Work task: Omit all pictures. Print the remaining lines exactly, from the start of the data through the line containing "Etching fabric in".

**** Material provided

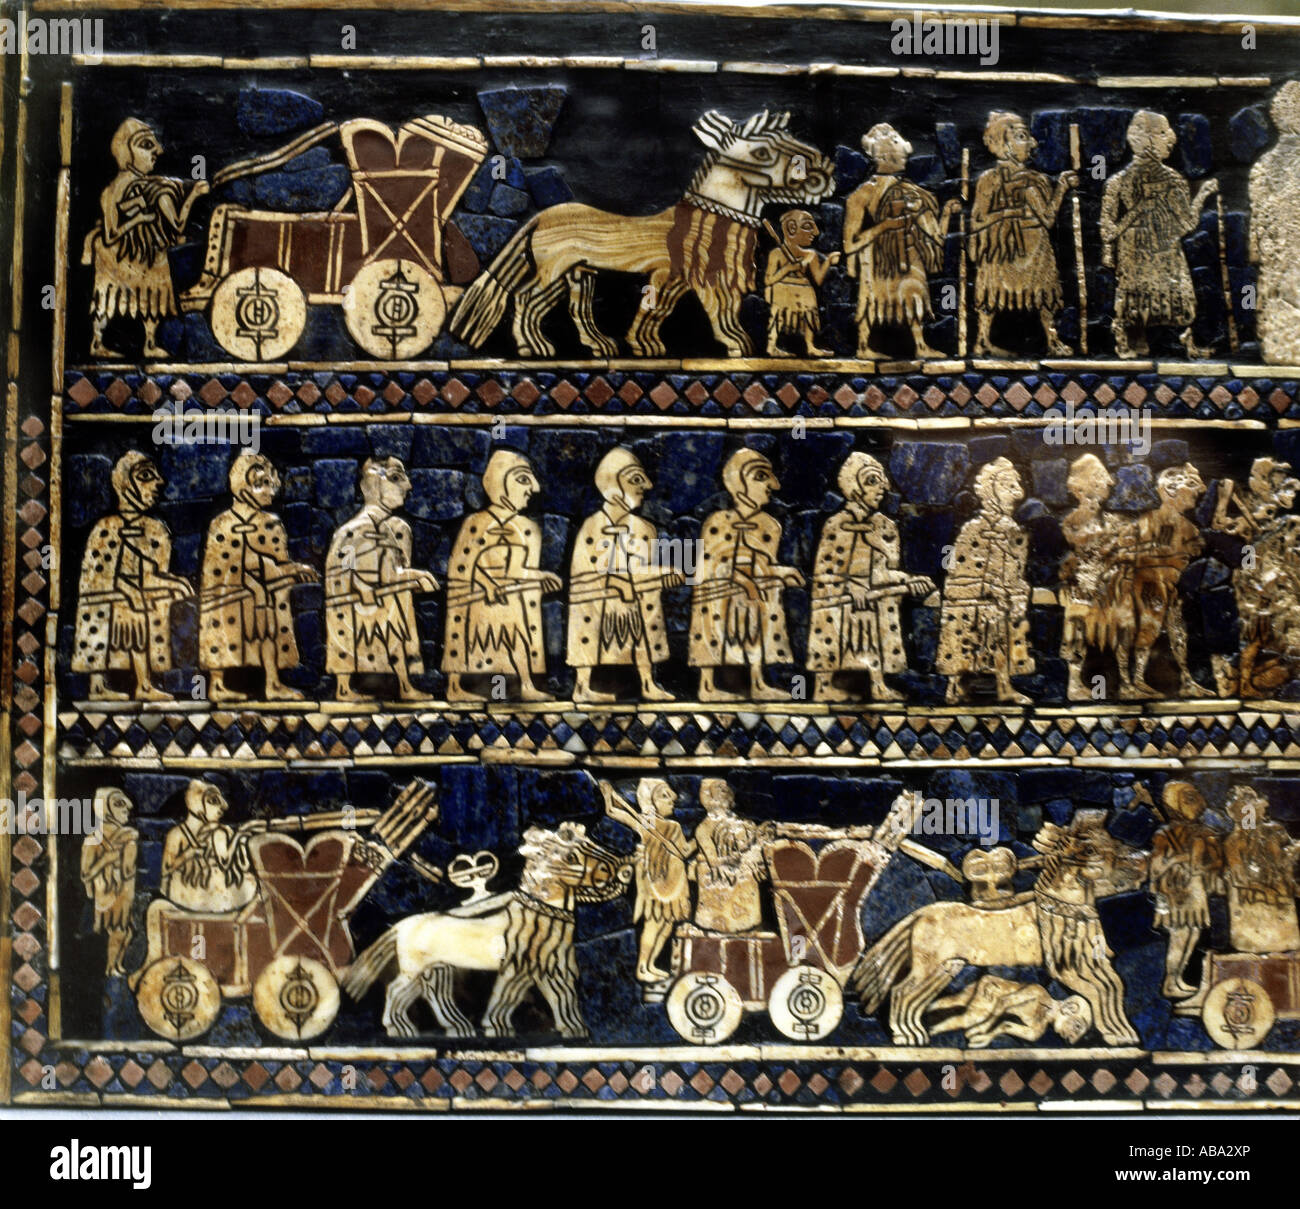 ancient world, Mesopotamia, Sumer, mosaic, Standard of Ur, left side, "war  side", royal tomb 779, early dynastic period, 2850 - 2350 BC, British  Museum, London Stock Photo - Alamy
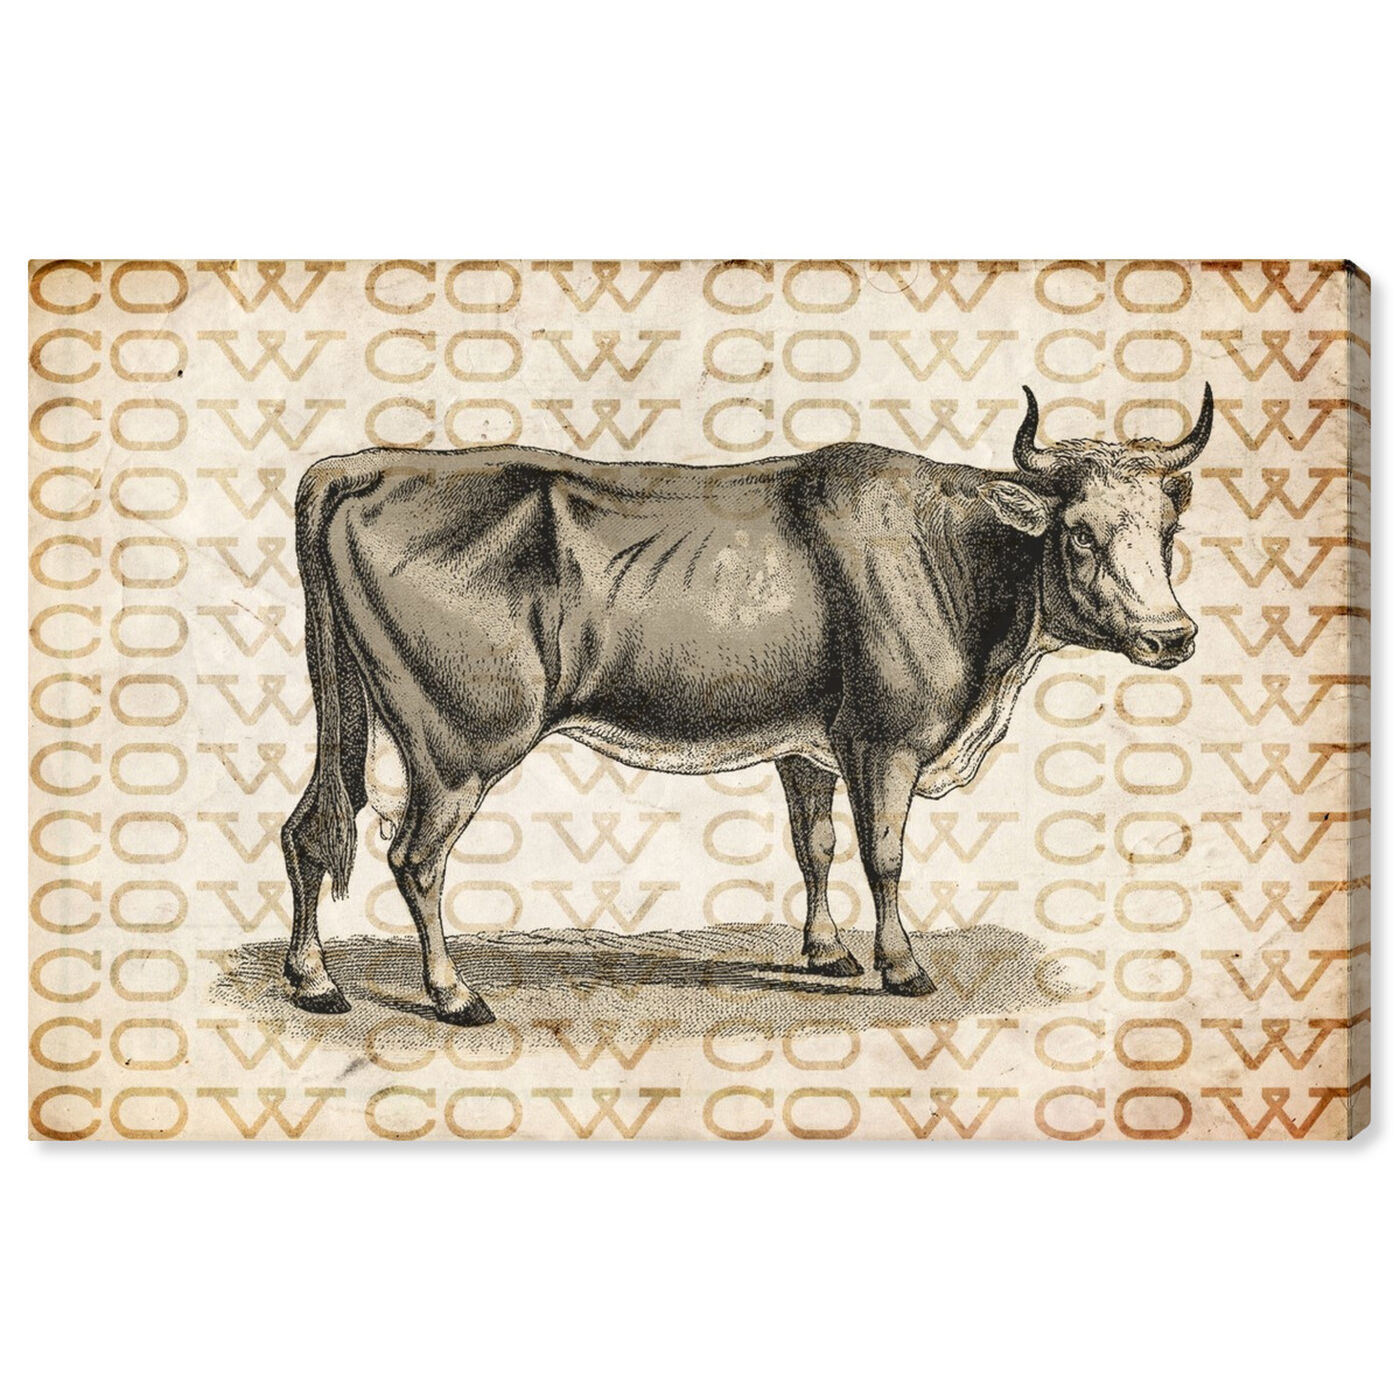 Front view of Cow featuring animals and farm animals art.
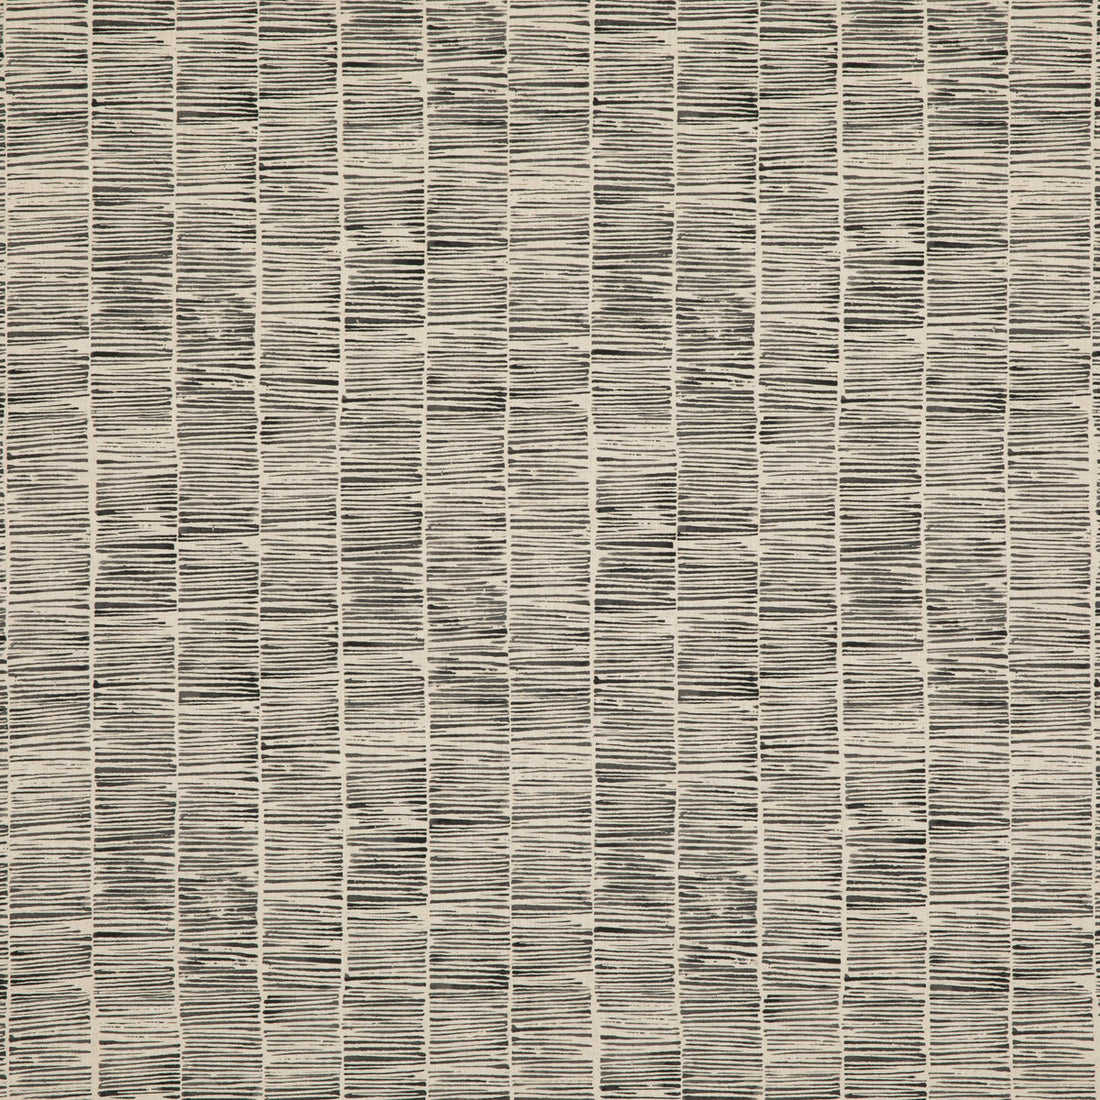 Etching fabric in charcoal color - pattern ED75044.2.0 - by Threads in the Nala Prints collection
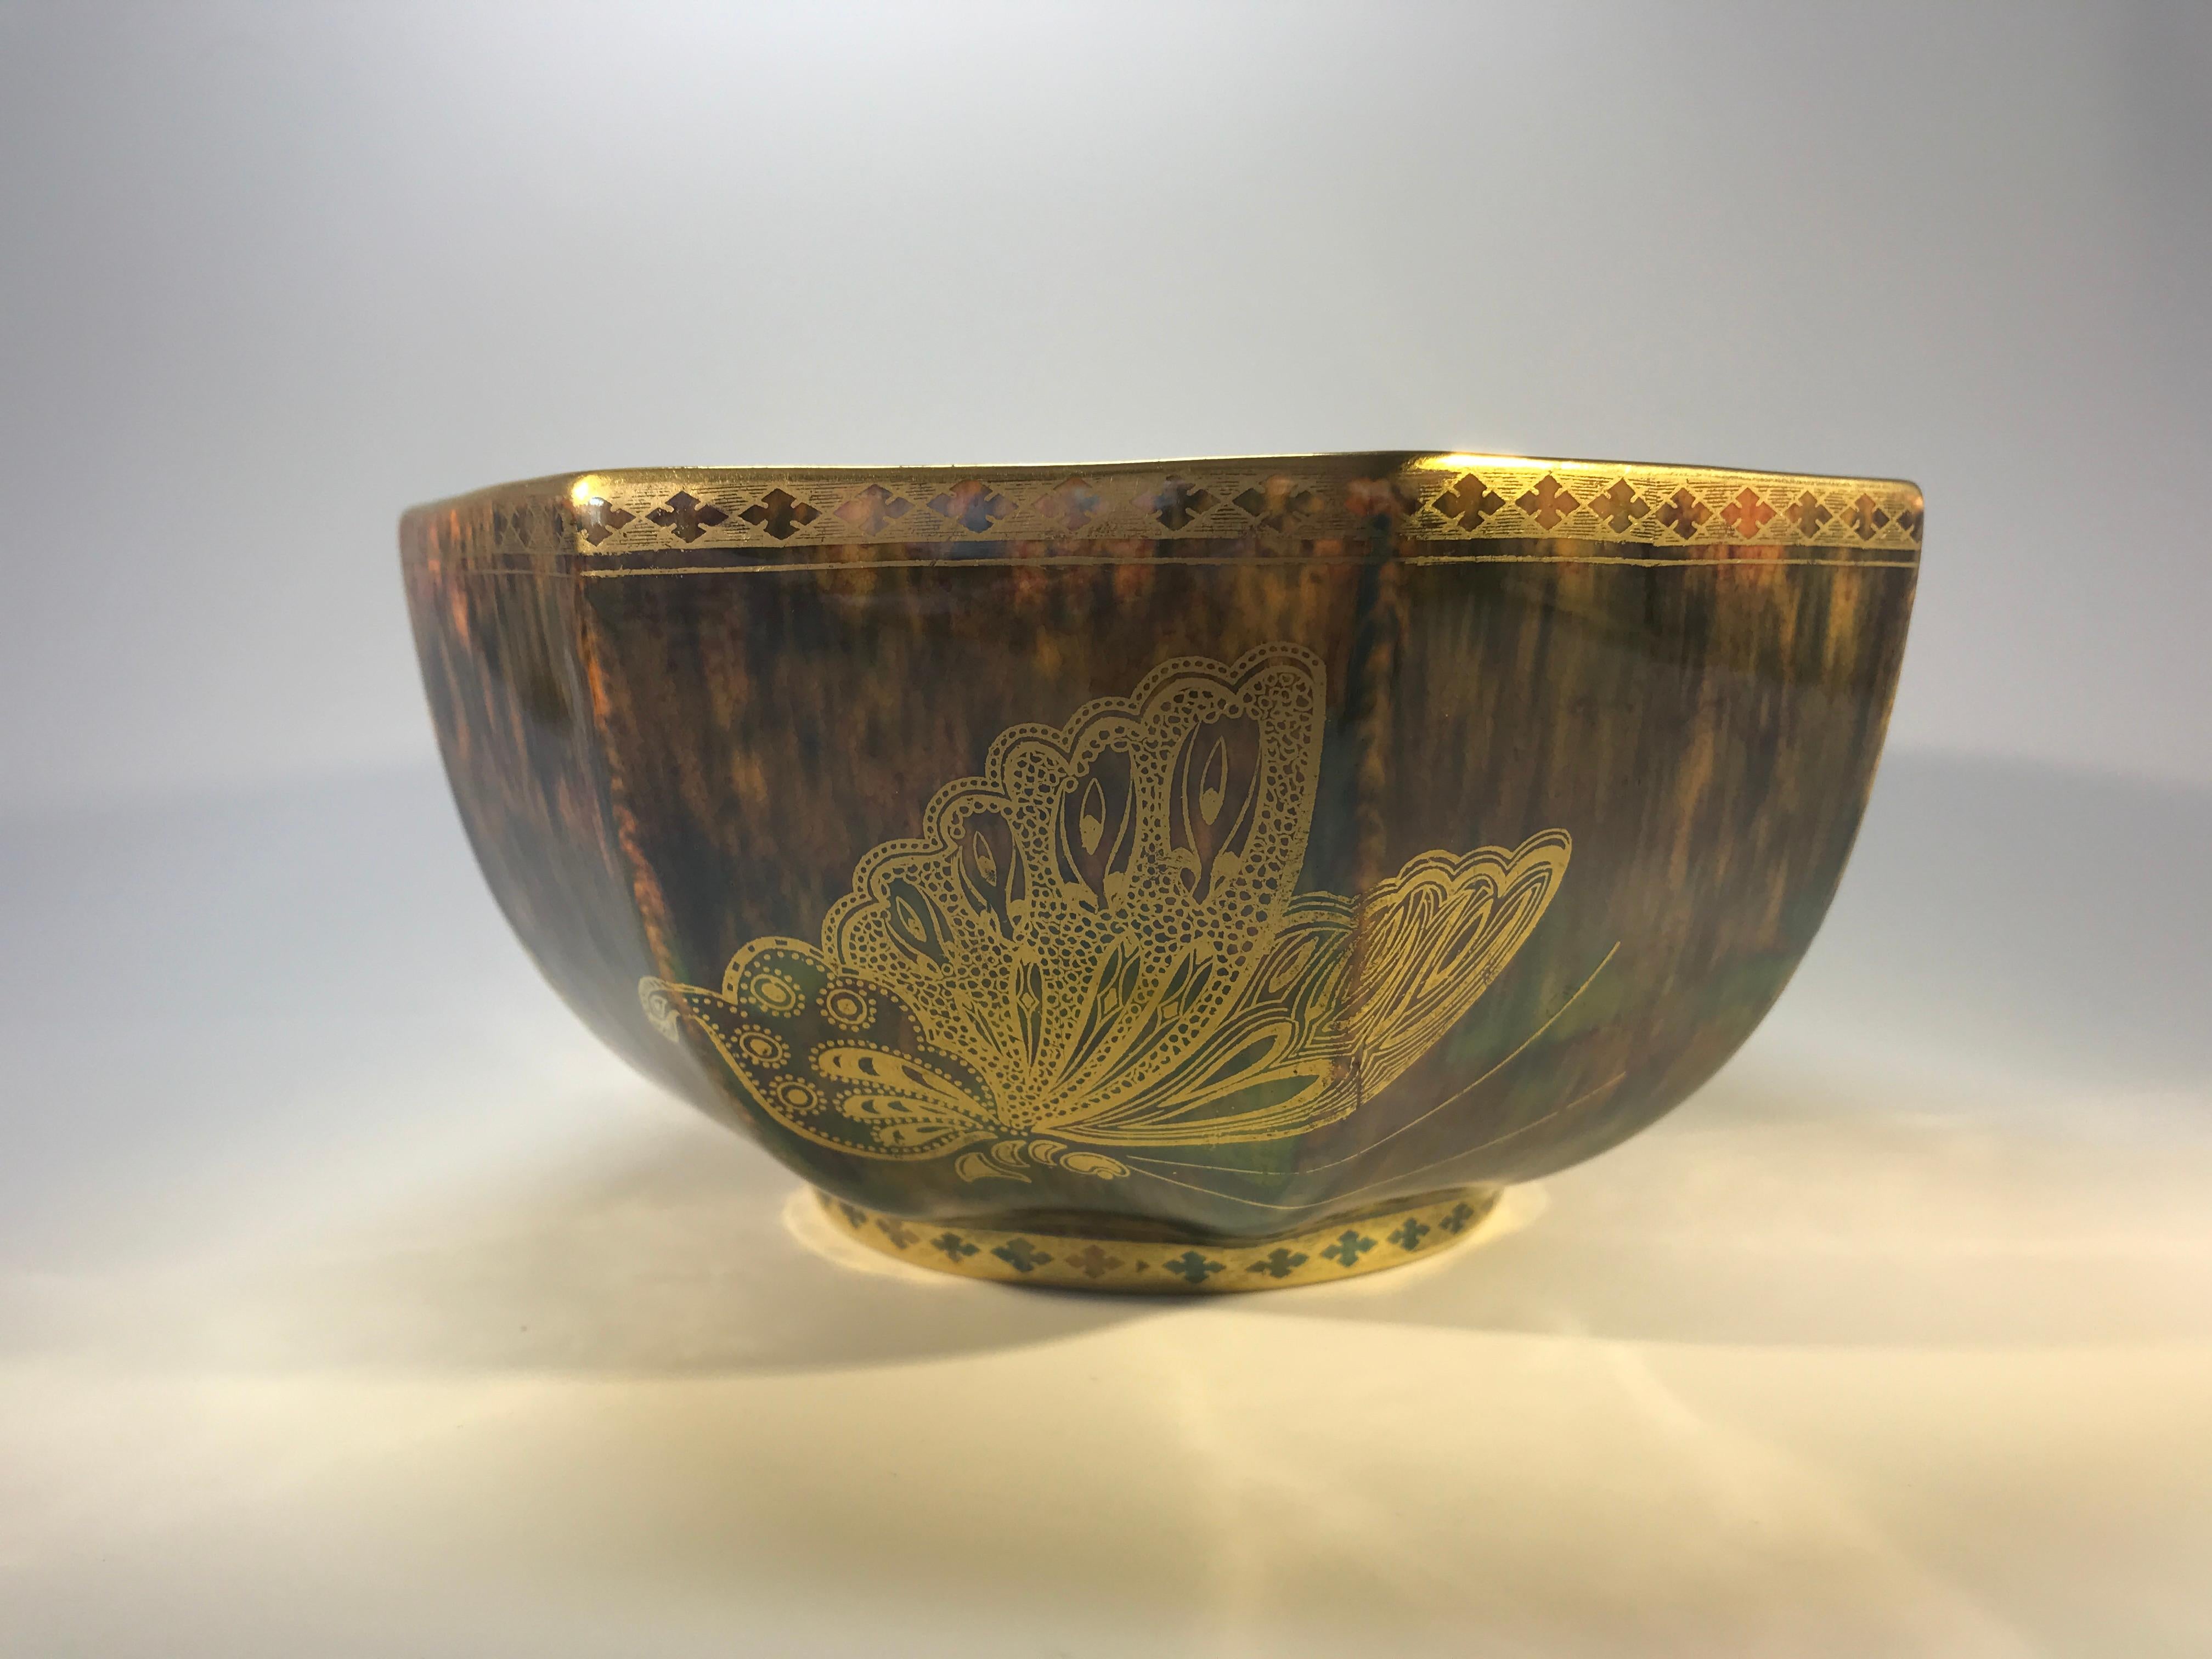 Daisy Makeig-Jones for Wedgwood, England octagonal bone china bowl with the interior decorated with mother of pearl colored mottlings and three richly decorated butterflies. Exterior is embellished with large gilt butterflies on a rich bronze

********

Output for this task:
 ancient world, Mesopotamia, Sumer, mosaic, Standard of Ur, left side, "war  side", royal tomb 779, early dynastic period, 2850 - 2350 BC, British  Museum, London Stock Photo - Alamy
 Front view of Cow featuring animals and farm animals art.
 Etching fabric in charcoal color - pattern ED75044.2.0 - by Threads in the Nala Prints collection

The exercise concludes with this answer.